Kindle Craziness
December 7, 2009
For some interesting MBA logic, read “Kindle Fantasies Are Running Wild — But, For Now, Amazon Is Losing Its Shirt.” I am not too keen on Amazon or the Kindle. Amazon’s financial reports are not too informative, and the data about its cloud services are expressed in mythical Amazon units. Spare me. The Kindle is annoying in its various incarnations. Among the reasons is the dorky snap on cover that can break the device and the when-pigs-fly search system that often launches itself when packing the gizmo away when the pilot tells me to turn off electronic devices. I have learned to live with the gray on dark gray screen and the clumsy keyboard, the experimental browser, and odd buttons. Kindle 1 had buttons that were too easy to push. Kindle 2 have buttons that are tough to use when reading on the elliptical exercise machine. The big Kindle is an invitation to breakage. PDFs and graphics generally are miserable experiences.

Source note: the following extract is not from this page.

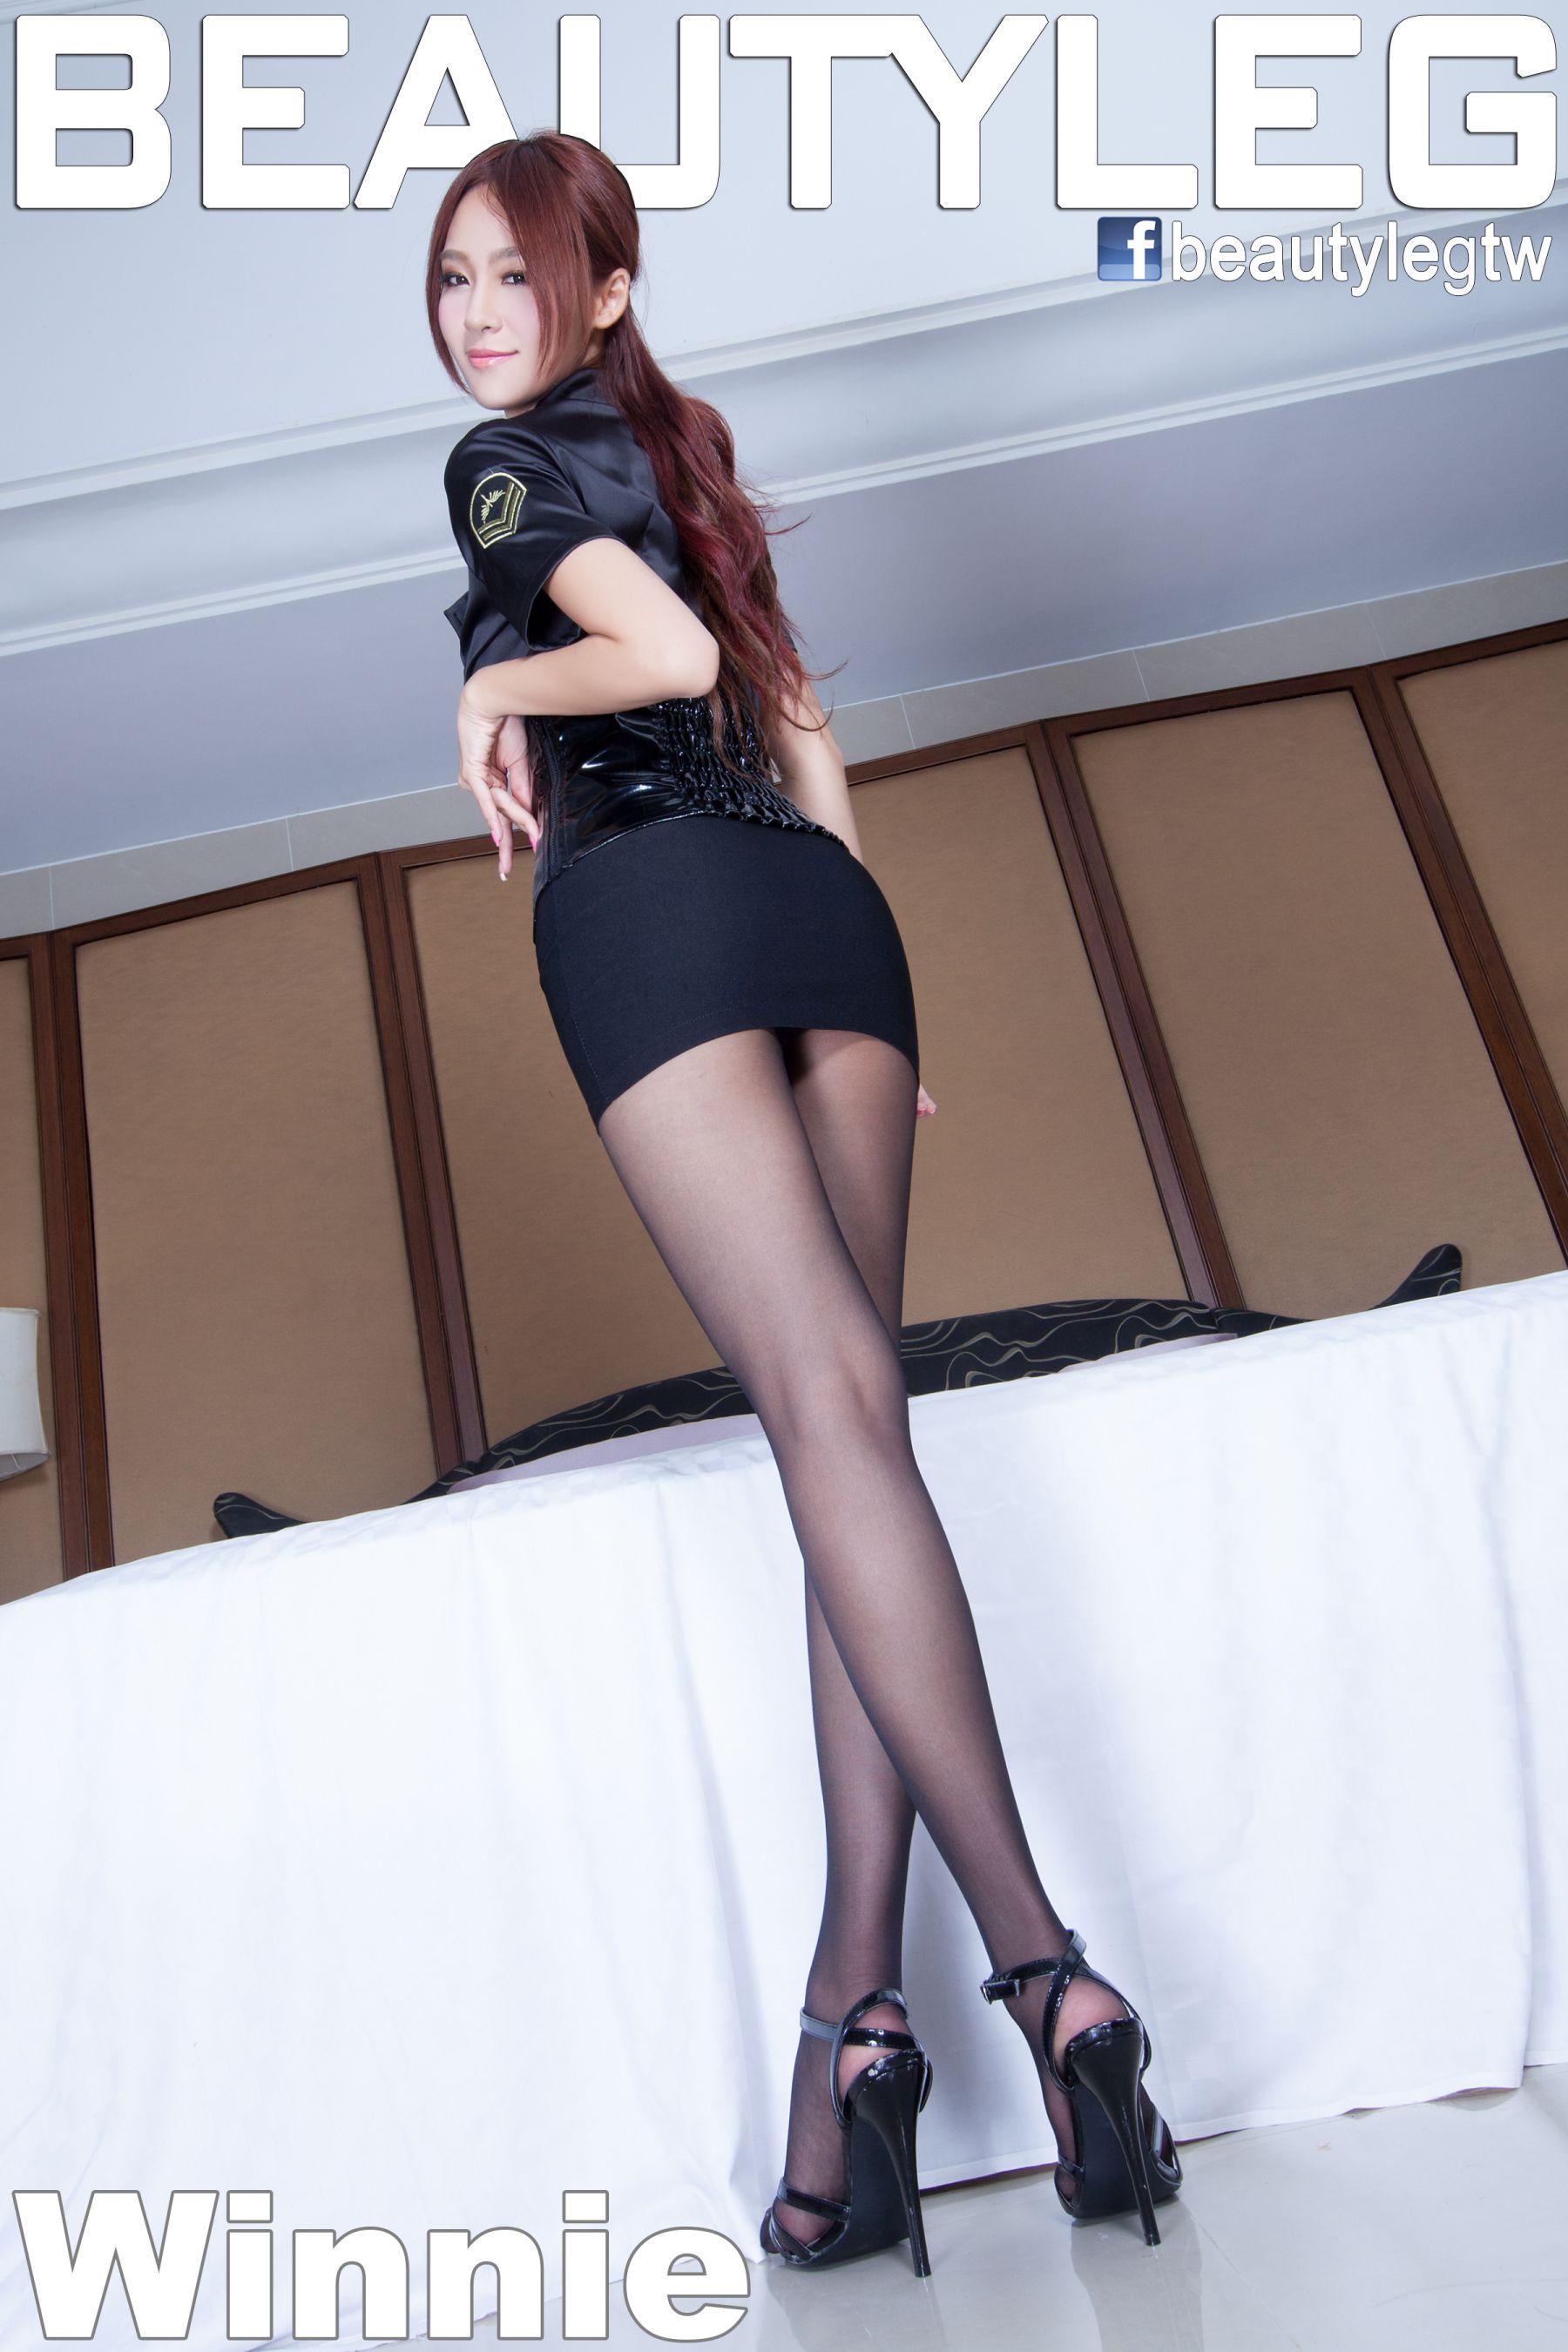 VOL.962 [Beautyleg]超短裙美腿高跟:Winnie小雪(庄咏惠,庄温妮,腿模Winnie)高品质写真套图(74P)

The article cited above sidesteps my points and goes into a more murky area; namely, the finances of Amazon’s selling eBooks. The key passage in the write up in my opinion was:
Publishers should be able to sell e-books to distributors like Amazon at $5 and still maintain the profit margins they enjoyed on print book sales. In turn, distributors like Amazon should be able to sell e-books at the current $9-$10 price and still enjoy a healthy profit. The bad news for authors is that their royalties will decrease since they are based off of retail sales price.
I think that books of any type are going to be a financial challenge whether in print, online, or on a device like the Kindle. In case you have not noticed, books are not the way folks under 20 get their info. I don’t see the demographic bulges that are bursting with video, Web, and tweet consumers suddenly jumping on the book bandwagon. There are 320 million or so people in the US and most book readers are concentrated above 42nd Street, in university burgs like Charlottesville, Virginia, Washington, DC, and a half dozen other major cities.
The numbers presented in the write up appear rational, but the thinking that gives rise to this type of analysis is oddly disconnected from the reality of the publishing business. Can traditional publishing survive with a shrinking pool of book readers? Check out the argument in Carnival Culture: The Trashing of Taste in America. That 1992 future is now here. When a blockbuster fails to materialize for book publishers, the decline will be sure and steady. In fact, that’s what is happening right now in publishing. When Google provides good enough options to get nuggets of information, the revenue bleeding will be slow and the open wound will lead to financial Streptococcus pneumoniae. Prognosis: no marathons for the victim. Publishing outfits may just wheeze along.
Don’t expect gizmos and price wars to change the descent. Just take a look at your kids. Reading a book? Not likely for the majority of families I assert.
Stephen Arnold, December 8, 2009
Oyez, oyez, I want to disclose to the Department of the Army that books are not what they once were. If you know someone in the Army responsible for recruit training, run your book argument by that non commissioned officer and let me know what you hear. By the way, this is a free blog. You will have to pay the author of the cited article to get their reasoning for financial bonanzas.